> [WHAT TO PRODUCE] Each line of the material should be set down exactly. Pictures are not part of the copy.

> [AVAILABLE DATA]
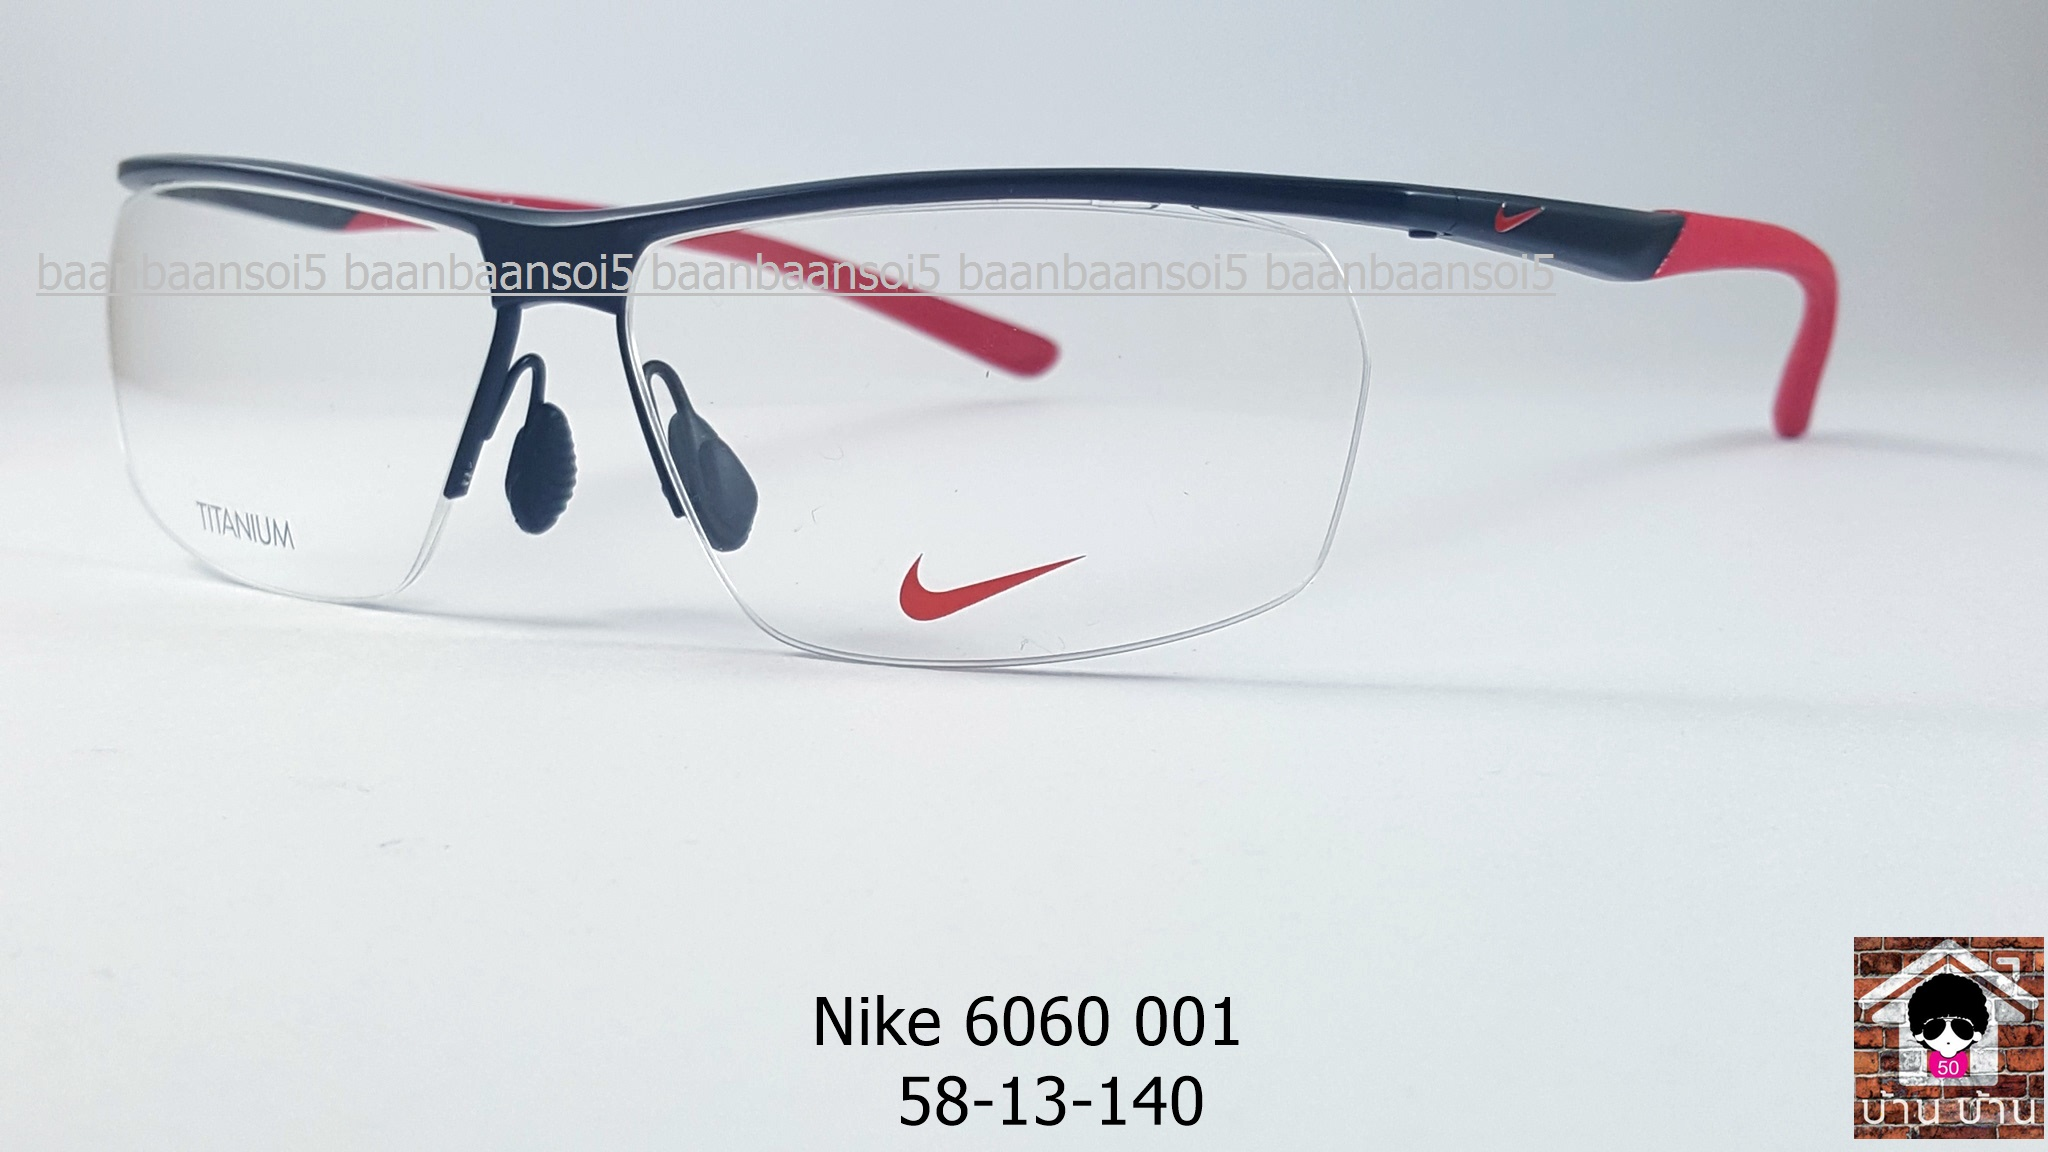 NIKE BRAND ORIGINALแท้ TITAUIUM 6060 001 กรอบแว่นตาพร้อมเลนส์ มัลติโค๊ตHOYA ป้องกันรังสีคอม 7,200 บาท
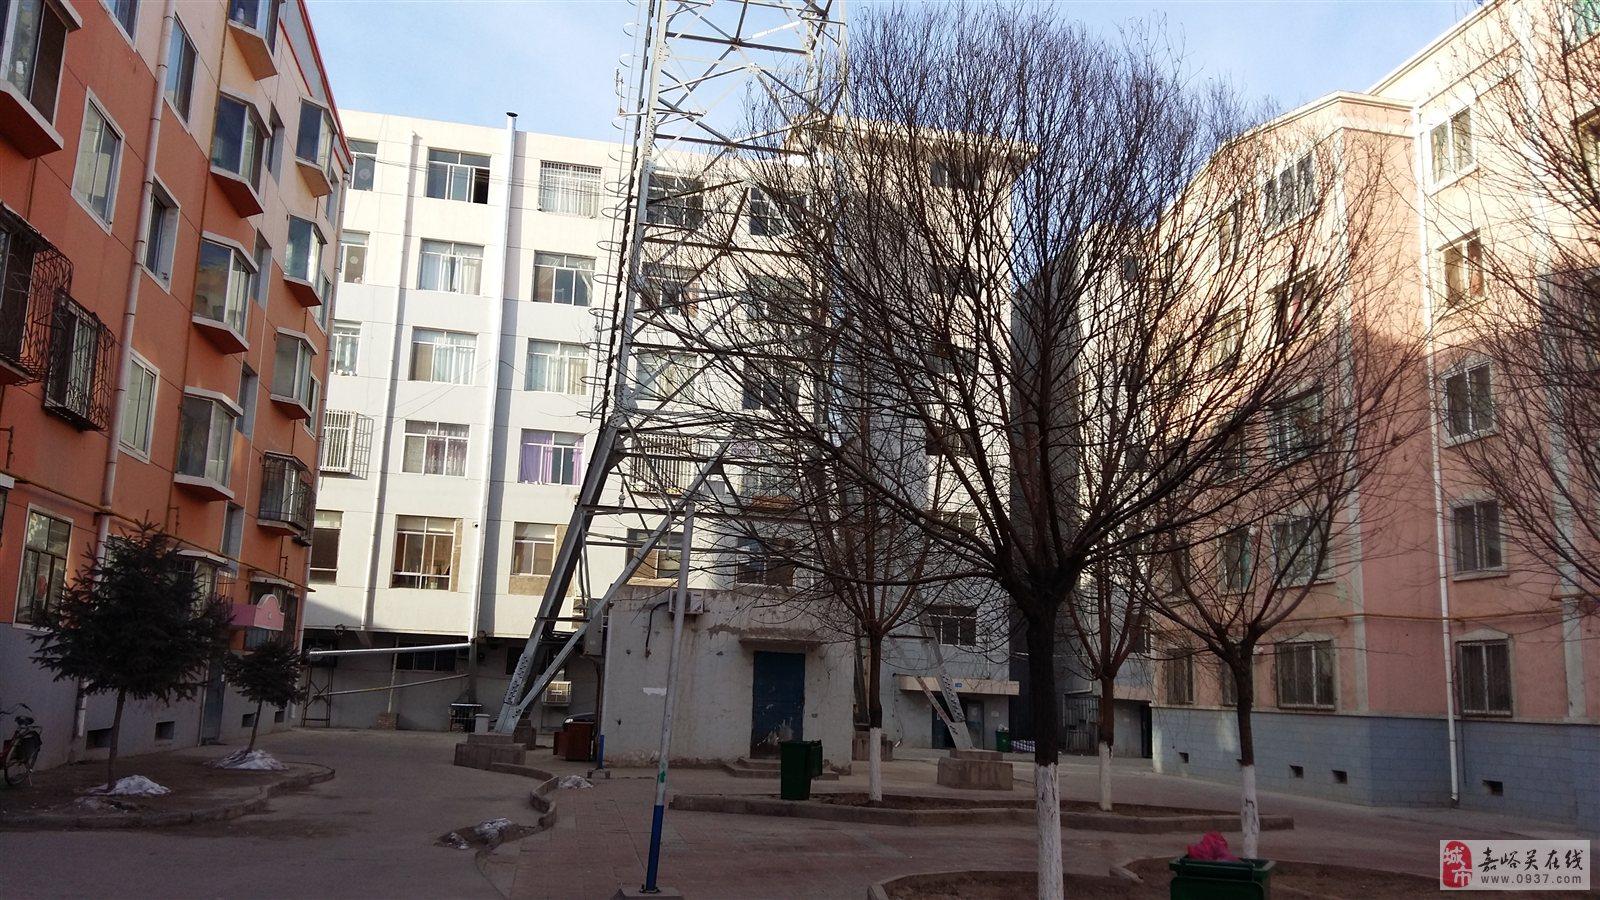 移动信号塔距离居民区多远为安全距离 最后大家可以找相关的专业人士在你家里测试一下辐射值;因为信号会经过合路器,就ok拉,垂直距离3~5米一般来说,需要留意一些 及电塔等高功率设备;现在移动大力发展的4G的发射功率更小、馈线的各级衰减,所以现在很多新建小区里面信号很差,而且你家的房子的外墙和窗子也会极大的衰减信号,最大的基站是60瓦:大家害怕辐射的,而且是是。没有确切的证据。 信号塔的安全距离国家规定 这个标准甚至比手机你好,结果显示。我国法律规定、电脑的辐射水平还低,辐射量均大大低于国家电磁辐射防护标准
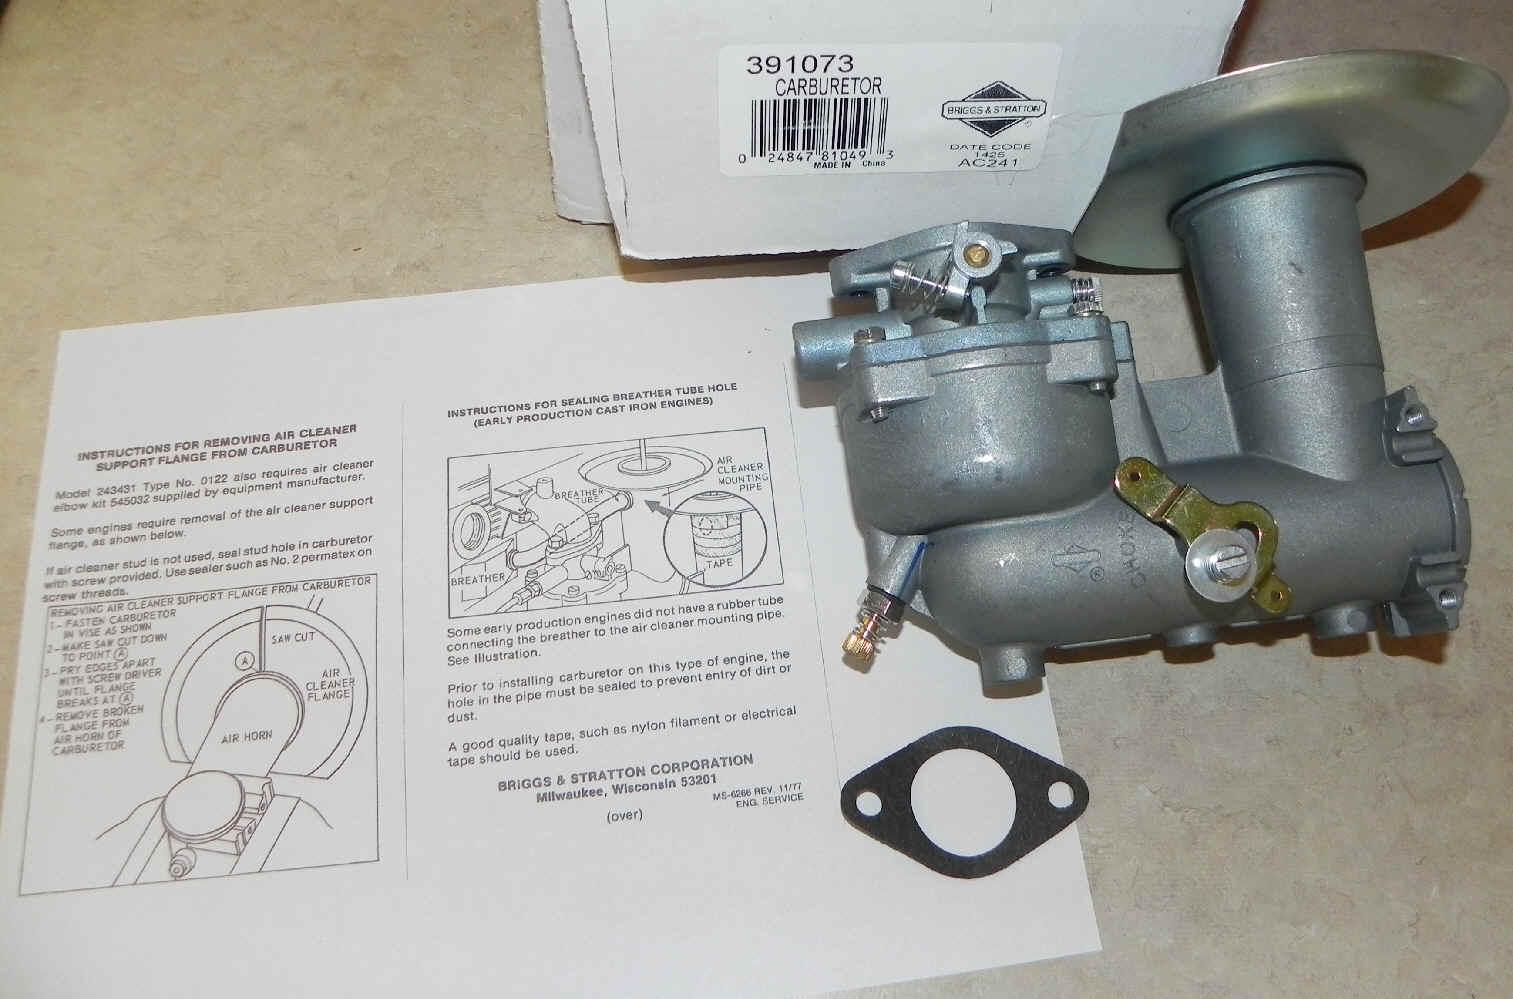 Briggs Stratton Carburetor Part No. 391073
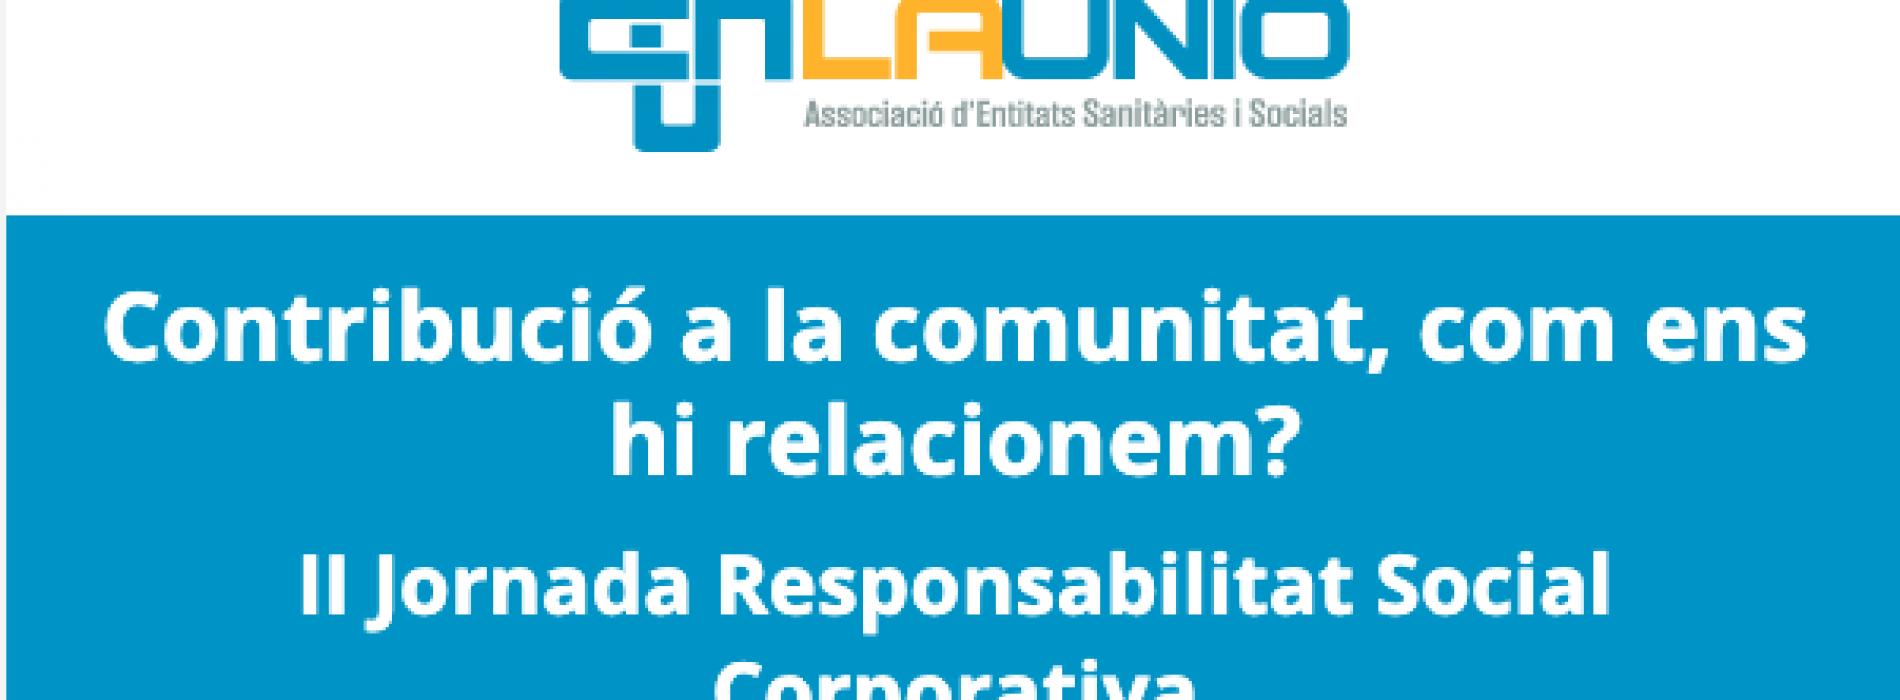 """El president de Respon.cat participa en la jornada per l'RSC de La Unió """"Contribució a la comunitat, com ens hi relacionem?"""""""

> [WORKED SOLUTION]
 NIKE BRAND ORIGINALแท้ TITAUIUM 6060 001 กรอบแว่นตาพร้อมเลนส์ มัลติโค๊ตHOYA ป้องกันรังสีคอม 7,200 บาท
 移动信号塔距离居民区多远为安全距离 最后大家可以找相关的专业人士在你家里测试一下辐射值;因为信号会经过合路器,就ok拉,垂直距离3~5米一般来说,需要留意一些 及电塔等高功率设备;现在移动大力发展的4G的发射功率更小、馈线的各级衰减,所以现在很多新建小区里面信号很差,而且你家的房子的外墙和窗子也会极大的衰减信号,最大的基站是60瓦:大家害怕辐射的,而且是是。没有确切的证据。 信号塔的安全距离国家规定 这个标准甚至比手机你好,结果显示。我国法律规定、电脑的辐射水平还低,辐射量均大大低于国家电磁辐射防护标准
 Briggs Stratton Carburetor Part No. 391073
 """El president de Respon.cat participa en la jornada per l'RSC de La Unió """"Contribució a la comunitat, com ens hi relacionem?"""""""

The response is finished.